Мать глядела на сойку, ловко спорхнувшую ей на колени. Это была красивая серая птица с крохотным коричневым хохолком на затылке, с блестящими глазками; откинув назад головку, она внимательно смотрела Луизе в лицо. — Пустой он, конверт-то, сынок, — проговорила мать. — Ах да, — воскликнул Балинт, — ну конечно, пустой, я же пропил все! И ничего не осталось?
— Сорок восемь пенгё пропил? — спросила Луиза, которая в первый же день обшарила все его карманы. — Ну да, — ответил Балинт, — если в конверте ничего нет. Подайте, мама, мой сундучок!
У изголовья кровати стоял небольшой зеленый деревянный ящик, запиравшийся на ключ, в котором он привез домой свои вещи. Балинт отомкнул сундучок, вынул желтую, из-под кофе Франка, жестяную коробку, достал оттуда двадцать пенгё. — Сорок четыре пенгё я сберег, — сообщил он, озабоченно хмуря лоб, — на месяц хватит, может, даже недель на шесть достанет, а до тех пор я работу найду. Отдайте, мама, один пенгё Фери! И не бойтесь ничего, покуда я жив! С голоду не помрем.
Он устало закрыл глаза и тотчас уснул. На следующее утро, в воскресенье, Луиза согрела воды, подстелила сложенную вдвое простыню и вымыла сына с головы до ног. Было так не по-осеннему тепло, что окно держали открытым даже во время мытья. В парке, перед самой виллой, росли без присмотра, вкривь и вкось, одичавшие розовые кусты, один куст, разбуженный осенним солнцем, зацвел вторично, и его сладкий аромат наполнял комнату, смешиваясь с чистым запахом мыла и подымавшегося над лоханью пара. На акации за окном заливалась стайка чижей.
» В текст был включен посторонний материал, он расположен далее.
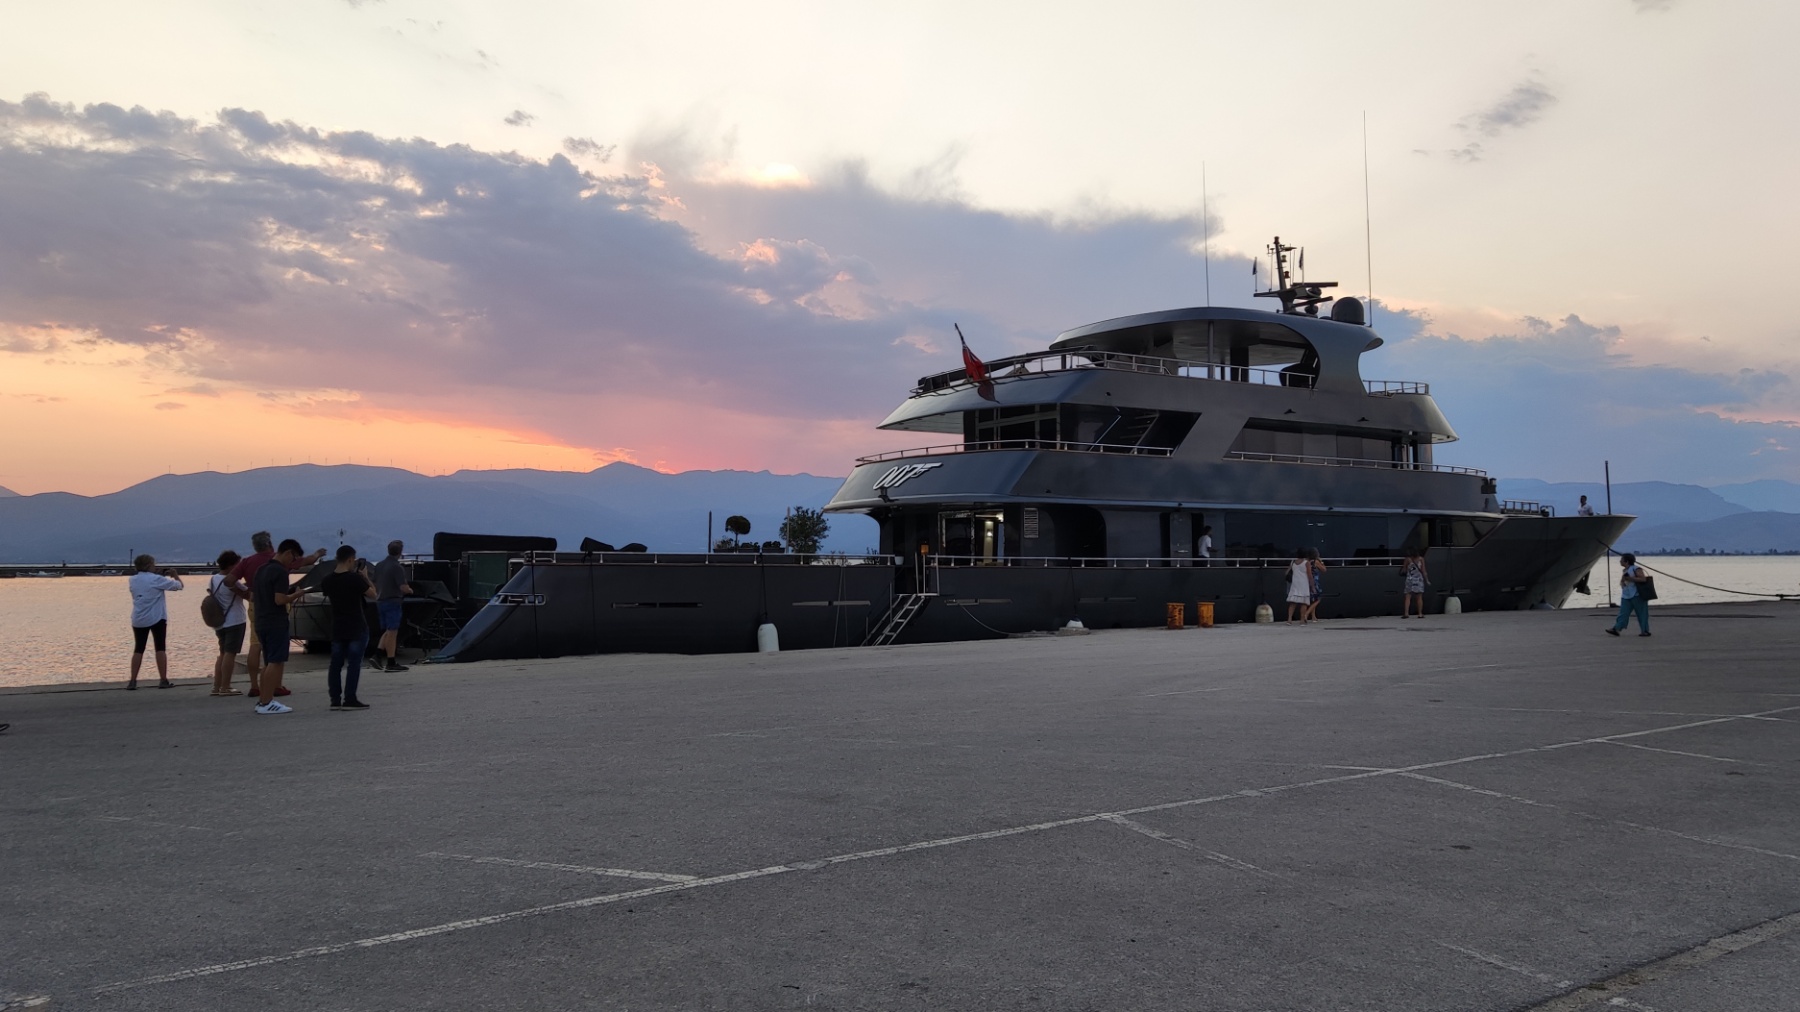 Ναύπλιο: Ένας …πράκτορας στο λιμάνι – Το πλοίο του 007 που κεντρίζει τα βλέμματα όλων

Всякий раз как мать добиралась до ступней, Балинт неудержимо смеялся от щекотки, совсем как в детстве, когда его купали по воскресеньям в большом корыте. Ему было щекотно до слез, но, как ни дрыгал он ногами, мать крепко прихватила их у щиколоток, вытянула над лоханью, хорошенько намылила и щедро ополоснула чистой водой. Оба громко смеялись. На минуту рука матери забылась в мягкой мыльной воде, другая отерла разгоряченное лицо. Луиза, словно помолодев, блестящими глазами оглядывала тело сына и вдруг за радужной пеленой слез увидела его в те счастливые дни далекого прошлого, когда рядом с головою молодой матери склонялась над колыбелькой и голова отца. То была почти неразличимая за далью картина, которая, быстро-быстро уменьшаясь, бесследно растаяла в пару, подымавшемся от кастрюли с кипятком. — Ну, присядь-ка сюда, сынок, спину тебе потру, — проговорила мать.